Os chefes militares do movimento dominam, como comprova o silêncio que reina nas comunidades, mas esse controle lembra
uma cortina que esconde a desilusão de muitos camponeses índios
que, depois de anos de luta, gostariam de ver resultados práticos de
seu empenho.
""A maior parte dos camponeses
que participaram da revolta zapatista vem desertando em grande
número -vilarejos inteiros já
deixaram o movimento", conta
uma fonte que vive na região,
acompanha o conflito desde sua
origem e mantém contato com as
aldeias índias, mas que exigiu
manter-se no anonimato.
"Saiu perdendo o zapatismo como expressão do camponês indígena, e isso é uma pena. É uma
derrota para todos os camponeses e indígenas, como confirmam
as ondas que vêm abandonando o
movimento zapatista. Desde o
início os índios foram utilizados
por uma direção cujos interesses
não são os mesmos que os deles",
afirma a fonte.
Segundo sua visão do que acontece na zona do conflito, o problema dos índios nunca foi o interesse principal da direção do EZLN.

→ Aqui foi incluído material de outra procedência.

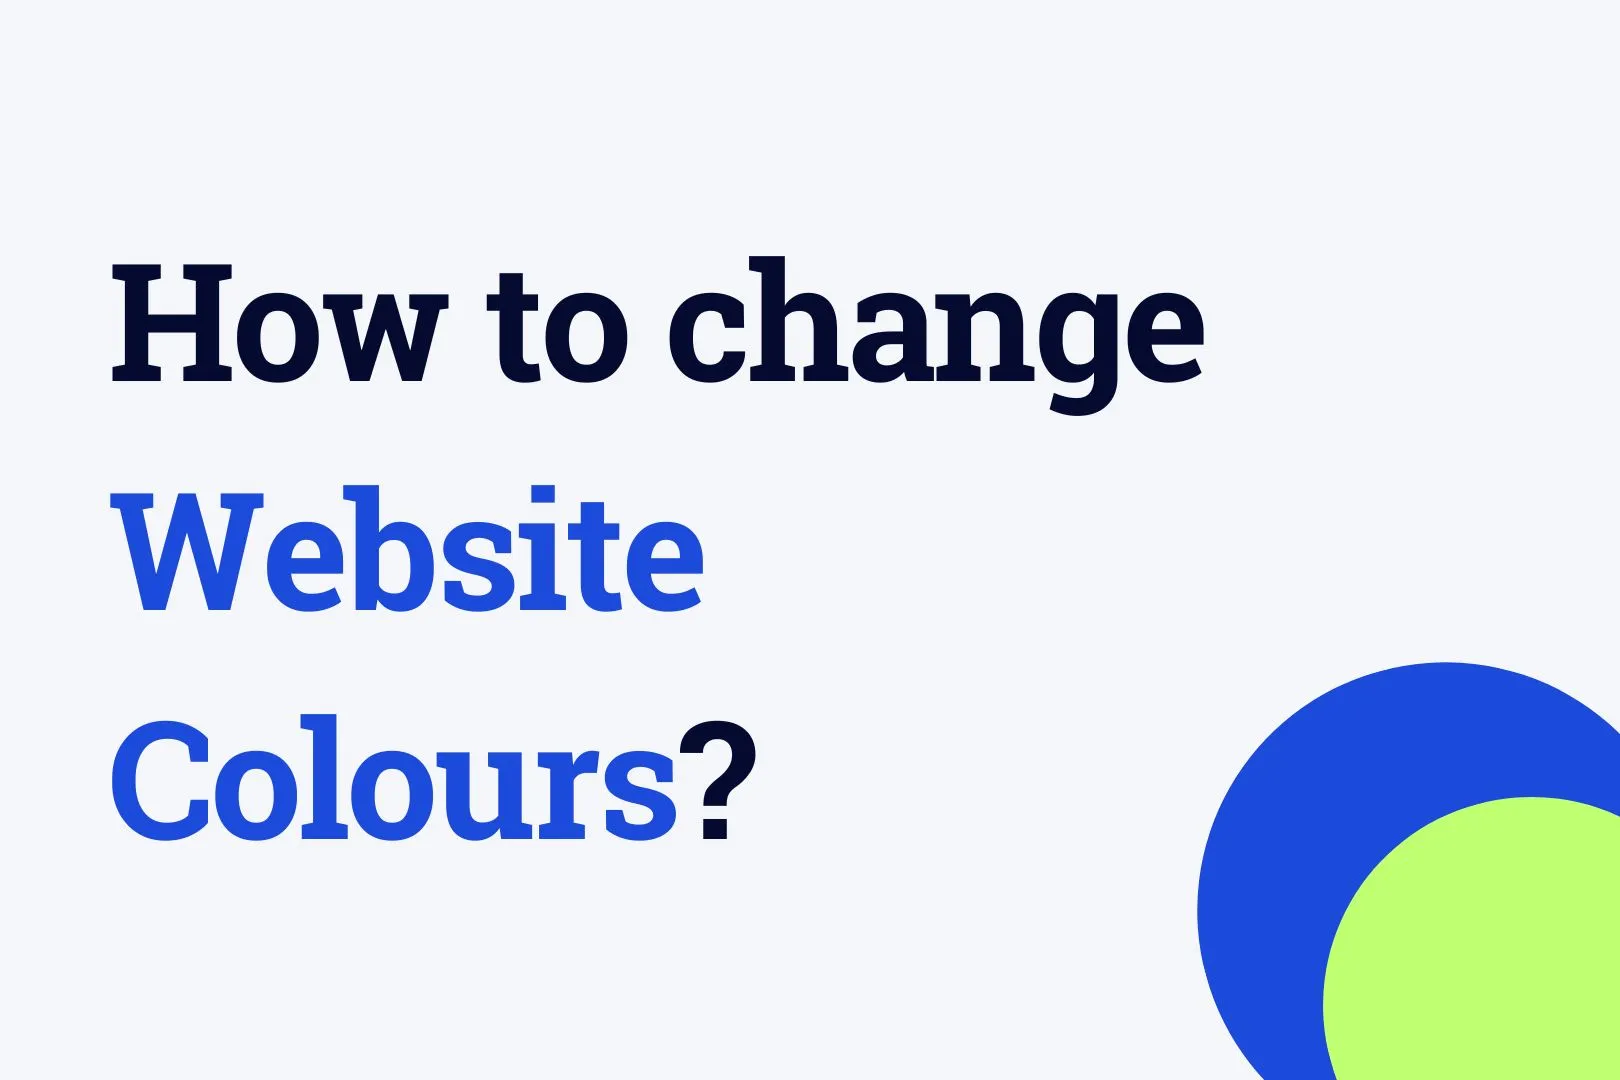 How to change website colours?

São Marcos e outros dirigentes
não-indígenas da guerrilha que
controlam o zapatismo.
"Nunca houve contradições.
Podem ocorrer disputas de poder
entre Marcos e o comandante
Germán (dirigente histórico da
guerrilha), mas sempre foi mantida a linha dura. O resto é uma
máscara adotada para ver se poderiam tirar proveito dela. É uma
linha dura que volta à tona; o resto, o discurso indígena e em favor
dos excluídos em nível internacional, é um artifício", diz a fonte.
Ela se diz surpresa com a capacidade que o zapatismo possui de
se manter e acha que isso é possível porque o movimento "tem dinheiro para se movimentar, faz
um trabalho de recrutamento, de
incorporação de jovens, e porque
sua capacidade financeira não se
esgotou". Parte desses recursos,
para a fonte em questão, vem do
exterior; segundo sua observação
feita em tom sarcástico, "já há
mais italianos e espanhóis do que
índios nas Cañadas".
Falando desde uma ótica distinta, Gerardo González, especialista
em movimentos sociais da região
de Chiapas, diz que "o peso político do Exército Zapatista é mais
militar do que político". "Nas comunidades, o comando exerce
grande influência, e as decisões do
subcomandante, mais ainda."
Ele explica que, depois de anos
de luta e resistência, "o saldo é essencialmente mais positivo do
que negativo". "Os quadros políticos mais importantes continuam no EZLN, que vem sofrendo perdas na parte militar". Apesar do tempo passado, diz, convicto: "Não acredito que Marcos
seja um líder velho. Por sua inteligência natural e sua formação, ele
soube interpretar a conjuntura
muito bem, tendo dado destaque
em seu discurso a questões importantes como a recuperação indígena, dando a eles um lugar como mantenedores da terra".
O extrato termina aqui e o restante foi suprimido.